API Endpoints
GET
/health
Check the health status of the BrowserElf service. Returns service status, uptime information, and current timestamp.
Response Example
{
"status": "ok",
"message": "BrowserElf is alive 🧝♂️",
"timestamp": "2024-01-15T10:30:00.000Z"
}
GET
/scrape
Easy browser testing endpoint. Pass URL as query parameter for quick testing.
Browser URL Example
https://your-domain.com/scrape?url=https://example.com&stealth=true&format=json
POST
/scrape
The main scraping endpoint.
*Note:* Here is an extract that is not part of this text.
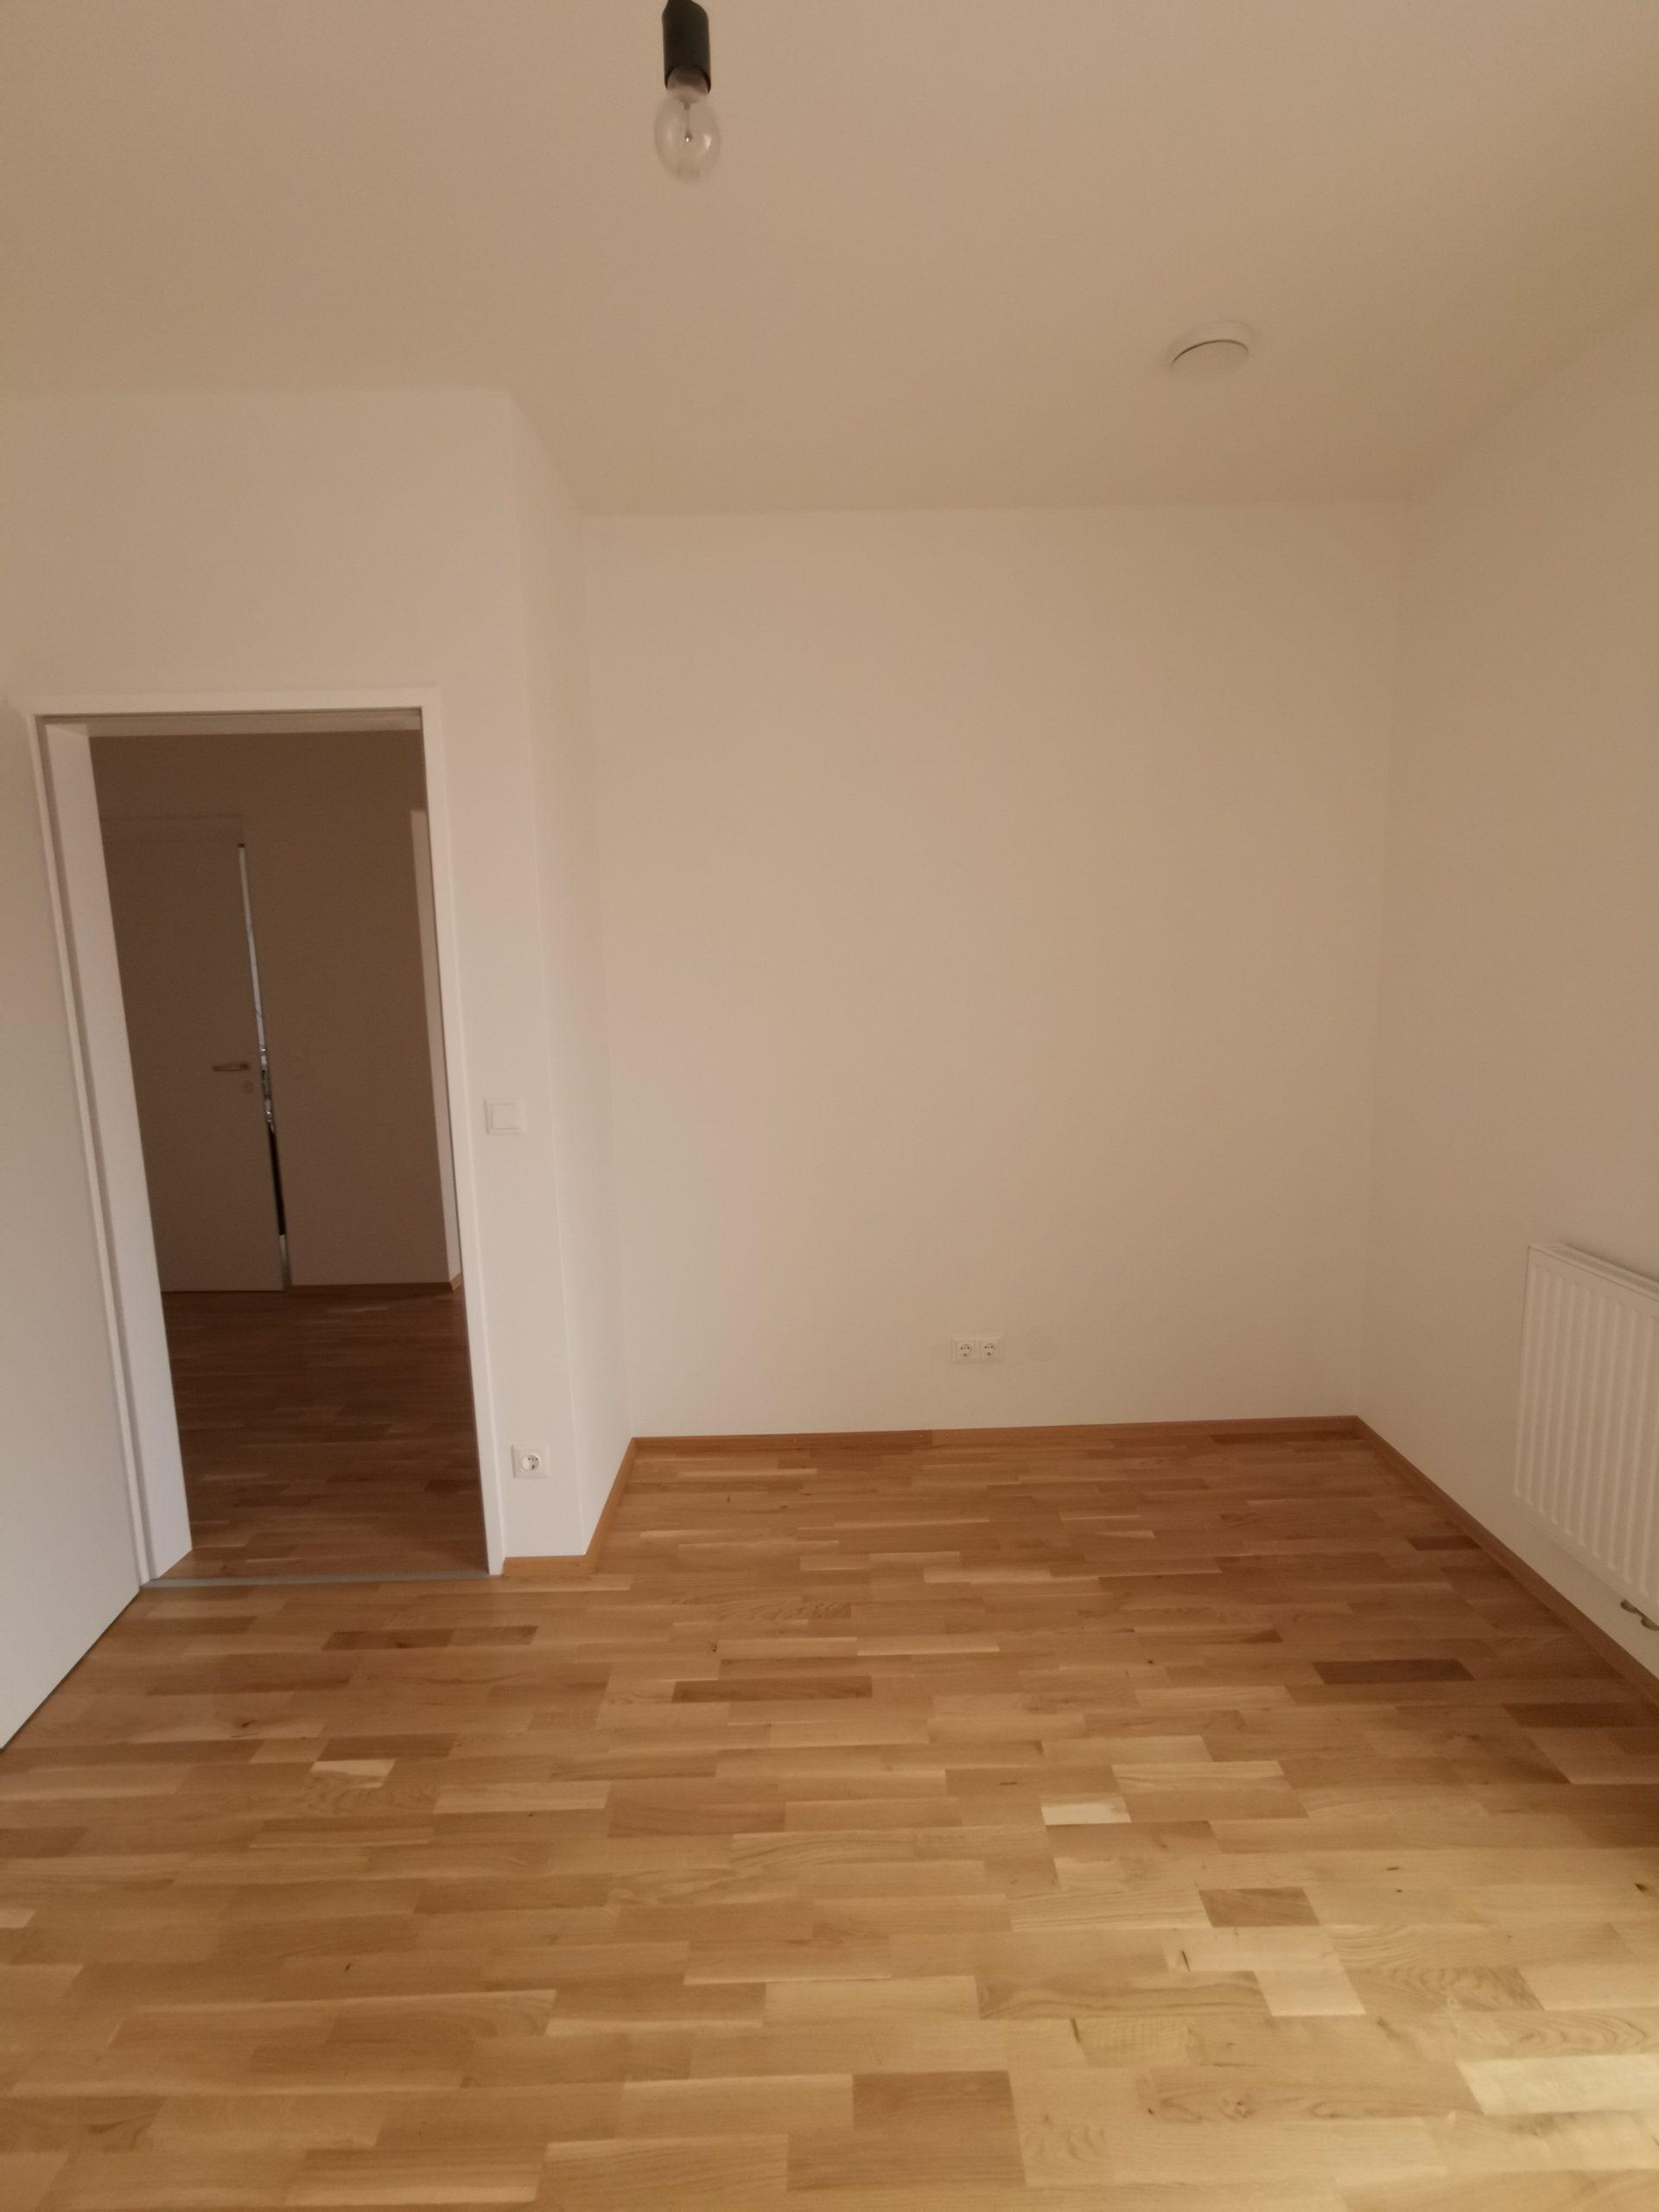 Immobilie von Kamptal in 3571 Gars am Kamp, Horn, Gars V - Top 208 #12

Extract content, take screenshots, and get structured data from any website.
Request Parameters
| Parameter | Type | Required | Description |
|---|---|---|---|
| url | string | Required | The URL to scrape (must include protocol) |
| screenshot | boolean | Optional | Whether to take a screenshot (default: false) |
| screenshotOptions | object | Optional | Puppeteer screenshot configuration |
| format | string | Optional | Response format: "html", "json", or "raw" |
| selector | string | Optional | CSS selector for specific content extraction |
| headers | object | Optional | Custom HTTP headers to send with request |
| extract | array | Optional | Content types to extract: ["text", "links", "images", "metadata"] |
| stealth | boolean | Optional | Enable stealth mode for bypassing security (default: true) |
| forceProxy | boolean | Optional | Force proxy usage (bypasses smart proxy logic, default: false) |
Request Example
curl -X POST http://127.0.0.1:3000/scrape \
-H "Content-Type: application/json" \
-d '{
"url": "https://example.com",
"screenshot": true,
"extract": ["text", "links", "metadata"],
"selector": "h1",
"headers": {"User-Agent": "CustomBot/1.0"},
"format": "json",
"stealth": true
}'
{
"url": "https://example.com",
"status": 200,
"timestamp": "2024-01-15T10:30:00.000Z",
"loadTimeMs": 1250,
"size": 45230,
"html": "<!DOCTYPE html>...",
"text": "Example Domain...",
"links": ["https://www.iana.org/"],
"images": ["https://example.com/image.jpg"],
"metadata": {
"title": "Example Domain",
"description": "This domain is for use in examples",
"canonical": "https://example.com/",
"headers": ["Example Domain"],
"favicon": "/favicon.ico"
},
"screenshot": "iVBORw0KGgoAAAANSUhEUgAA..."
}
GET
/logs
Retrieve the last 20 scraping requests with detailed information including status, timing, and any errors.
Response Example
{
"logs": [
{
"url": "https://example.com",
"timestamp": "2024-01-15T10:30:00.000Z",
"options": { "screenshot": true },
"status": "success",
"loadTime": 1250,
"error": null
}
],
"total": 42,
"timestamp": "2024-01-15T10:30:00.000Z"
}
Features & Capabilities
Screenshot Capture
Take full-page or viewport screenshots with customizable Puppeteer options including viewport size, format, and quality settings.
Smart Content Extraction
Extract text, links, images, and metadata. Use CSS selectors for precise content targeting with Cheerio parsing.
Metadata Parsing
Automatically extract page title, description, canonical URLs, favicons, and heading structure (H1-H3).
High Performance
Optimized for speed with timeout handling, connection pooling, and efficient memory management for large-scale scraping.
Detailed Logging
Comprehensive request logging with performance metrics, error tracking, and request history (last 100 requests).
Flexible Output
Multiple response formats: JSON for structured data, HTML for raw content, or raw format with headers.
Robust Error Handling
Comprehensive error handling for timeouts, invalid URLs, network issues, and screenshot failures with detailed error messages.
Custom Headers
Send custom HTTP headers including User-Agent strings, authentication tokens, and other request modifications.
Stealth Mode
Advanced stealth features to bypass Cloudflare and other security measures with human-like behavior patterns.